Ah ha! That is totally it! We have seen this crop up a few times before, and have put this on our todo list to expose in q2-cutadapt. Looks like we also need to expose the --pair-filter flag. Thanks for updating us!

I believe in you - you can do it!

:qiime2:

Steven_Mamet · March 22, 2019, 7:35pm

Hi @thermokarst and @wasade,

So after ironing all of the hurdles I've encountered running through the pipeline for our project, I've put together a pipeline based mostly on the qiime2 tutorials, but also on idiosyncrasies with the server I was running things on.
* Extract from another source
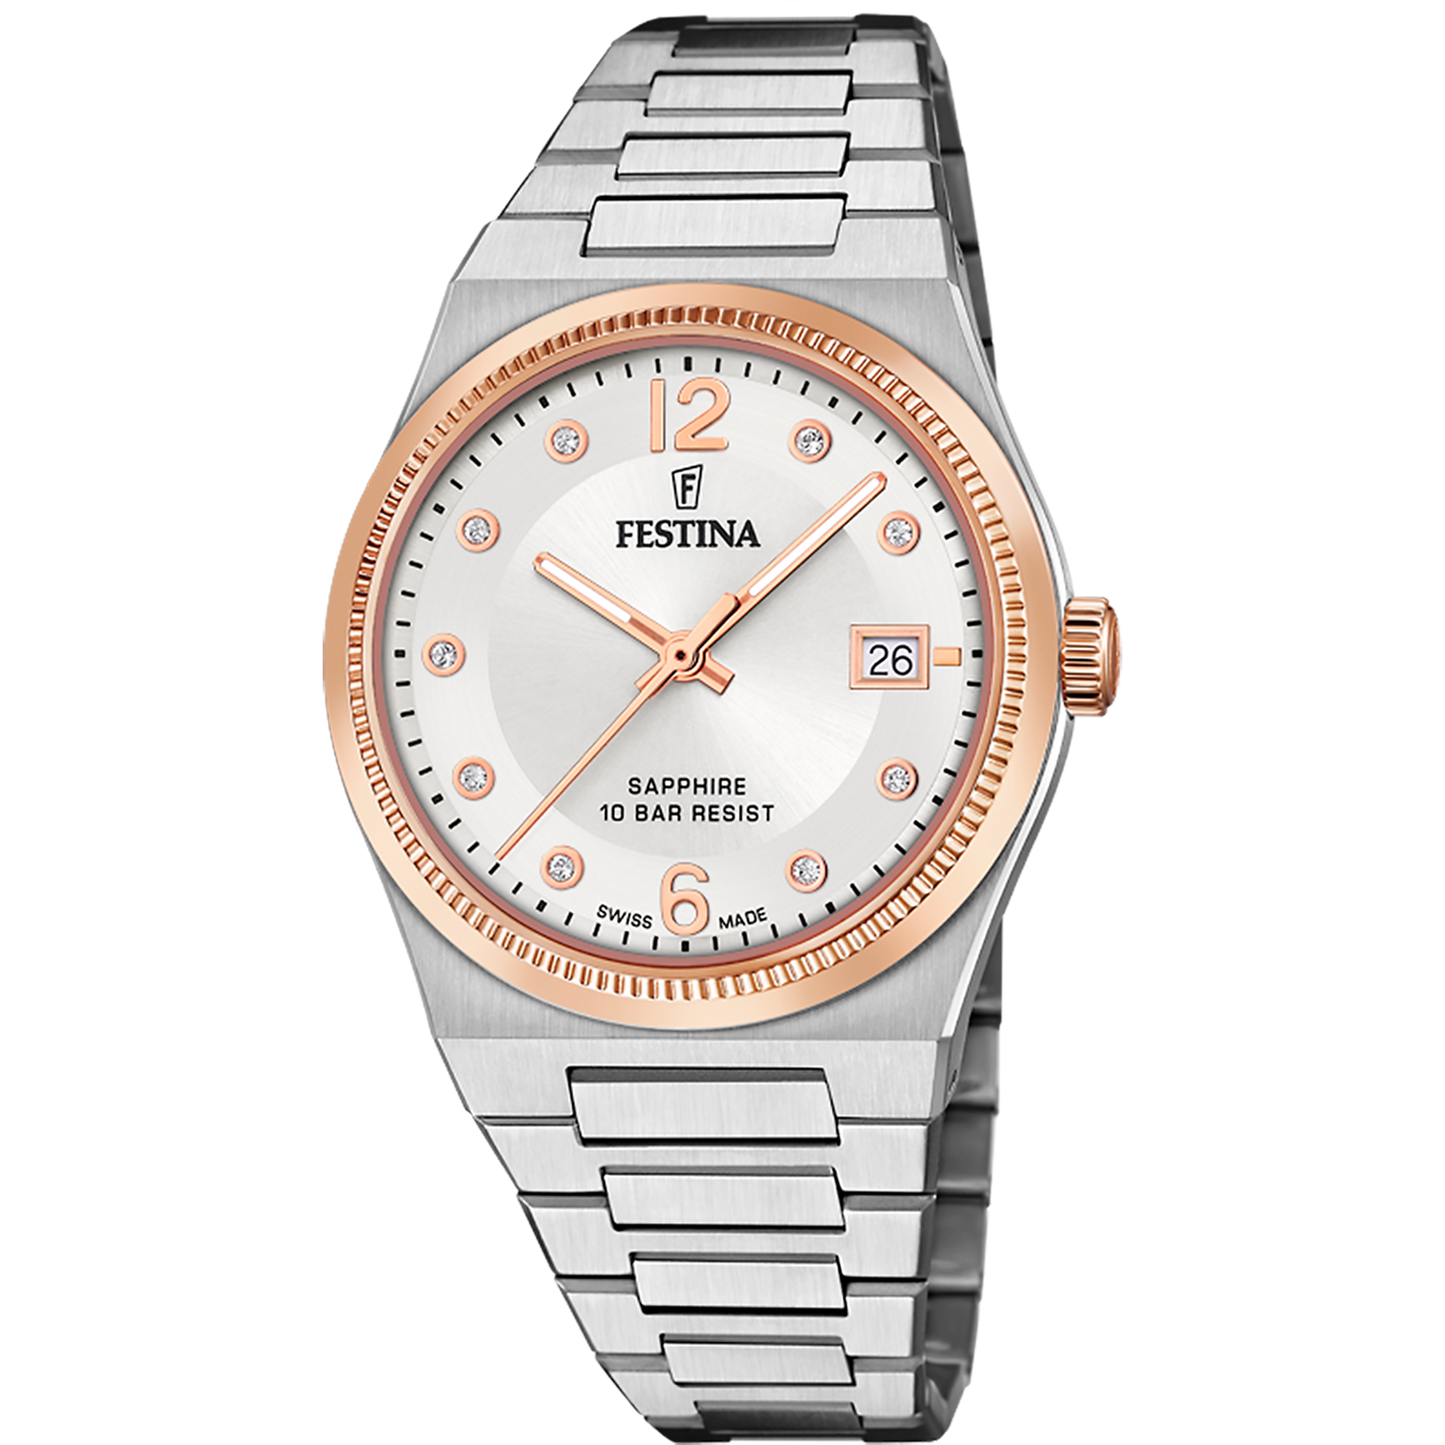 Festina Swiss Made F20037-1 - Analog - Strap Material Stainless Steel I Festina Watches USA

I've put it together for the graduate students working on this project, but thought other people might be interested too:

https://github.com/StevenMamet/qiime2-P2IRC

Apologies if it looks weird, it's my first GitHub post.

Thanks again for your help.

Cheers,

Steve

Nicholas_Bokulich · March 22, 2019, 7:52pm

Thanks a ton for sharing, @Steven_Mamet! At the risk of stating the obvious, I will say that posting workflows like this to github is not only useful for students and fellow forum users, but can be really useful for reporting results in publication, and you can even post links to raw data (e.g., deposited in qiita or SRA or EBI) so that readers can recapitulate your results.

Steven_Mamet · March 22, 2019, 8:04pm

Thanks @Nicholas_Bokulich! Once our analyses are finalized, we will post the qza files because we love the provenance aspect—which has really come in handy as we're revisiting past analyses (so we know what we did with which files ;). Plus, we can be fully transparent with our workflows!

system · April 23, 2019, 2:04am

This topic was automatically closed 31 days after the last reply. New replies are no longer allowed.